In the novel, Alexander is the author of a manuscript called "A Clockwork Orange" and so, in a sense, he is Anthony Burgess himself -- a writer whose own wife was beaten and raped by four American GI deserters during the war. Kubrick alludes to this connection by referring to an "Alex Burgess" in a brief shot of one of the newspapers announcing Alex's suicide attempt.

Like Funeral Parade of Roses, A Clockwork Orange is also a story of the eye, a tale of perception. Alexander's eyes are forced to witness the brutal violation of his wife just as Alex's eyes are pried open by the State during his Ludovico treatment and made to view horrific acts of violence on screen. By blinding himself, Eddie, like Oedipus, attempts to negate all that he has seen and done.
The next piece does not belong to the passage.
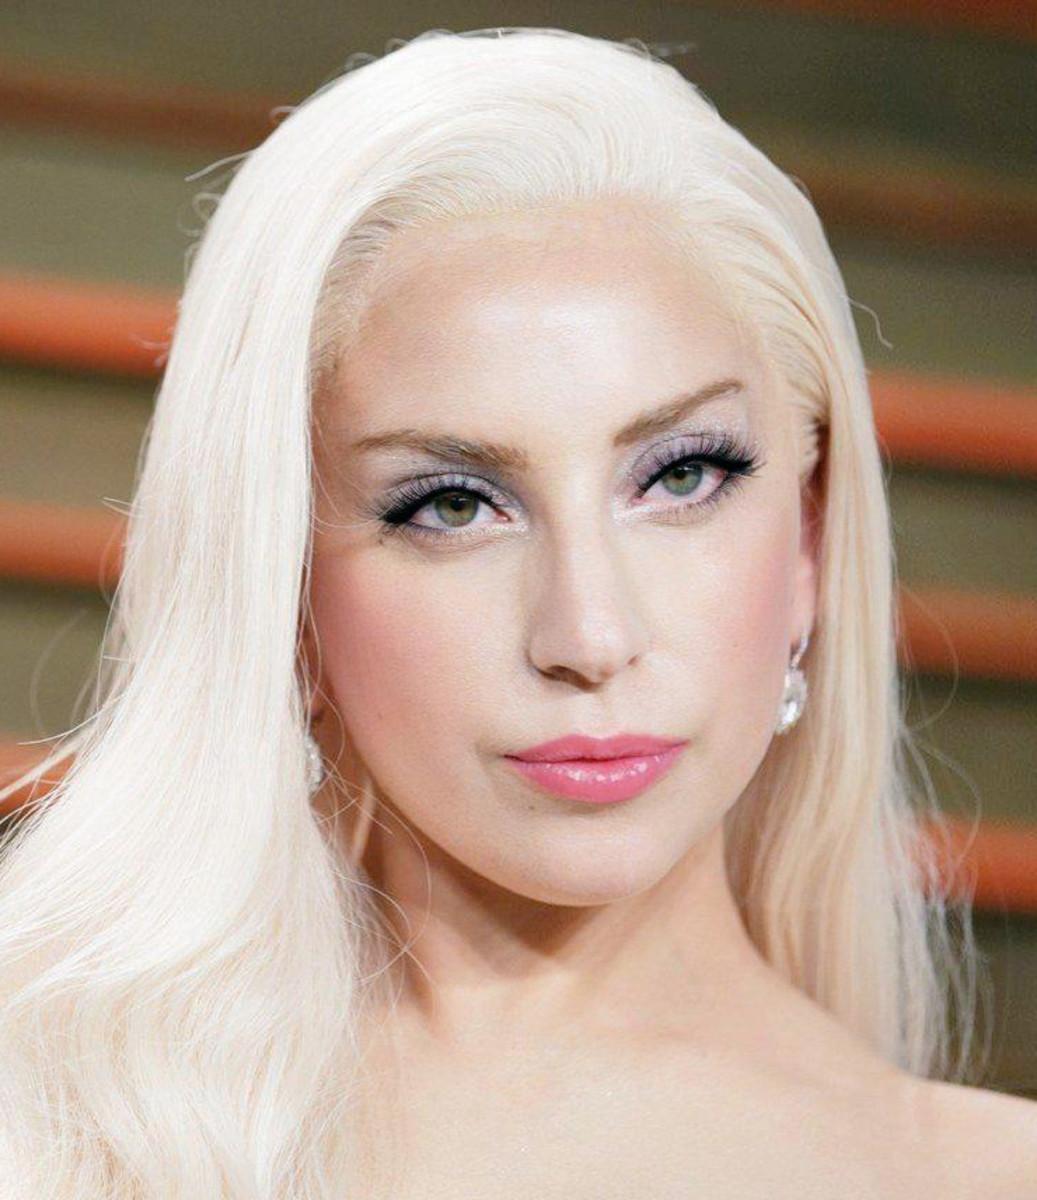 Lady Gaga Vanity Fair Oscars 2014?

Alex and Alexander, son and father, are compelled against their will to witness the ultra-violence of their time.   



Both films centre on the eye. Alex's right eye is accentuated by false eyelashes,  another visual motif that Kubrick directly borrows from Matsumoto. In fact, Matsumoto's short film, released immediately before Funeral Parade and using some of the same footage, is called For The Damaged Right Eye. Alex has stylized eyeballs on the cuffs of his shirt, the eye on the right featured prominently on the iconic movie poster.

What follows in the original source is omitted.